You are your child’s best teacher when it comes to money.
You don’t need to be a money expert, you just need to start including it in daily conversations - keeping it simple, fun and right for their age.
We’ve put together our top 10 tips for teaching your children about money.
You can start talking to children about money as early as age 3. Bring conversations about money into everyday activities, like shopping. Give a reason when you have to say ‘no’ and explain the choices you are faced with - tell them that you can’t buy the sweets now because you’re saving for a family holiday. An explanation helps them learn that there isn’t enough money for everything and sometimes difficult choices have to be made.
Play and learn
Set up a shop and take it in turns to be shop assistant and customer. Explain how it works as you go along. One parent told us about her son being an excellent salesman, even offering her samples and discounts! Play board games with older children that are based on financial or other life choices, such as Game of Life, Pay Day or even good old Monopoly. You can also find fun games online for 7-11 year olds or for teenagers.
If you are able, giving your child pocket money provides a good chance to talk about money and what you can do with it. It instils the idea that when money’s gone, it’s gone – it’s clearer when it’s their own money being spent.
It’s not always easy taking your children to the supermarket, but it can be an opportunity for them to learn. Maybe they can help you make a shopping list in advance - and make sure you keep to it! You can challenge them to compare different prices for similar items –which box of cornflakes is cheaper? Talk to them about brands and marketing, and whether or not that ‘special offer’ really is such a good deal.

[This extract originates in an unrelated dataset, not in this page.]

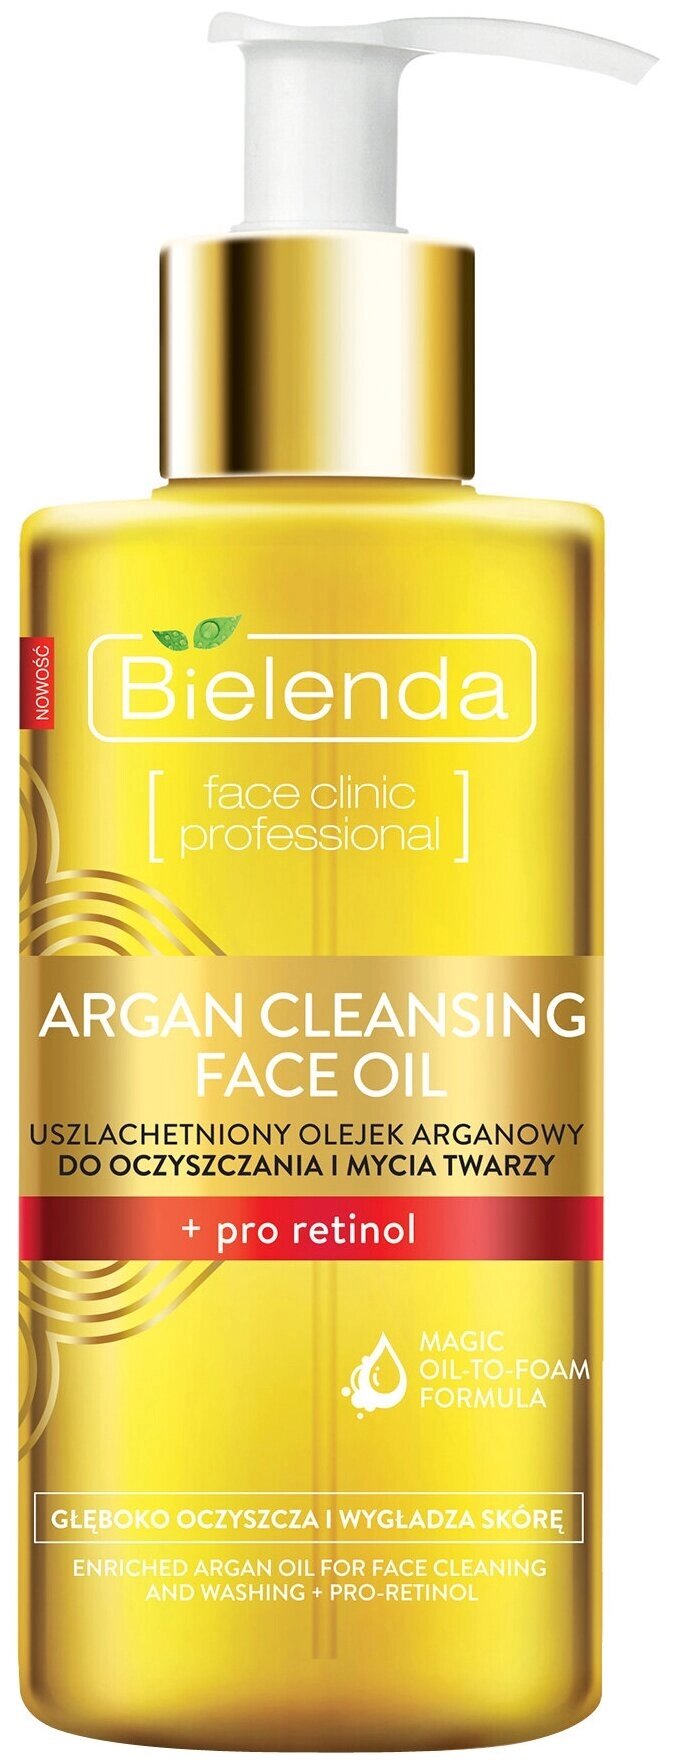 Гидрофильное масло для умывания Bielenda Argan Cleansing Face Oil с про-ретинолом, 140 мл от компании Скажи здоровью ДА! - фото 1

'But Mum, everyone’s got one! Why can’t I have it?' Children are influenced by advertising on TV and the internet from an early age, and inevitably want the same things as their friends and peers. Think about your preferences too – do you favour a particular clothes designer or tech brand? Be aware of how companies are trying to sell us things; talk to your children about what brands are and why a name is sometimes just that – it doesn’t mean that an ‘unnamed’ product isn’t as good.
Helping others can be rewarding, so talk to your children about charity and donating to a cause. Telling a story helps to make it relevant to them. One parent told us their child didn’t understand why they wanted to give some of his clothes and toys to a charity. Then he met a boy at school who was a refugee from a war zone – he heard his story, and then he wanted to give his things to the mosque so they could be sent to Syria.
Talk to your children about your financial goals. If you want to plan and save up for a family holiday then get them to take part. Make a motivational poster together, or have a visible ‘holiday savings’ jar so everyone can see their savings building up.
Get them involved
When making a financial decision like buying a new sofa, involve your child in the process you go through. Children learn through observation as well as instruction. Although they may not understand everything, by observing, your child will learn how things are done and that making financial decisions requires careful thought and time.
Children want birthday parties and you might feel guilty if you can’t afford to have one. It might be a bit more difficult at the moment, but holding a joint party with children who have birthdays close together is one way to spread the cost. If it’s a summer birthday, have a picnic party in the park so you don’t have to hire a venue.
As children head towards secondary school they’re likely to ask for a mobile phone. What age they get one is up to you, but you can start to talk about money and phones. How much do they cost? What’s the difference between a contract and pay as you go? What if they use up their credit? What happens if they lose it?
Are you trying to improve your own financial habits? Start small and link the habit to an existing routine. For example, if you want to save more, try putting a jar by the front door and drop a coin into it whenever you come home. If your child has a jar too, you could have a saving competition – and remind each other to keep dropping the coins in!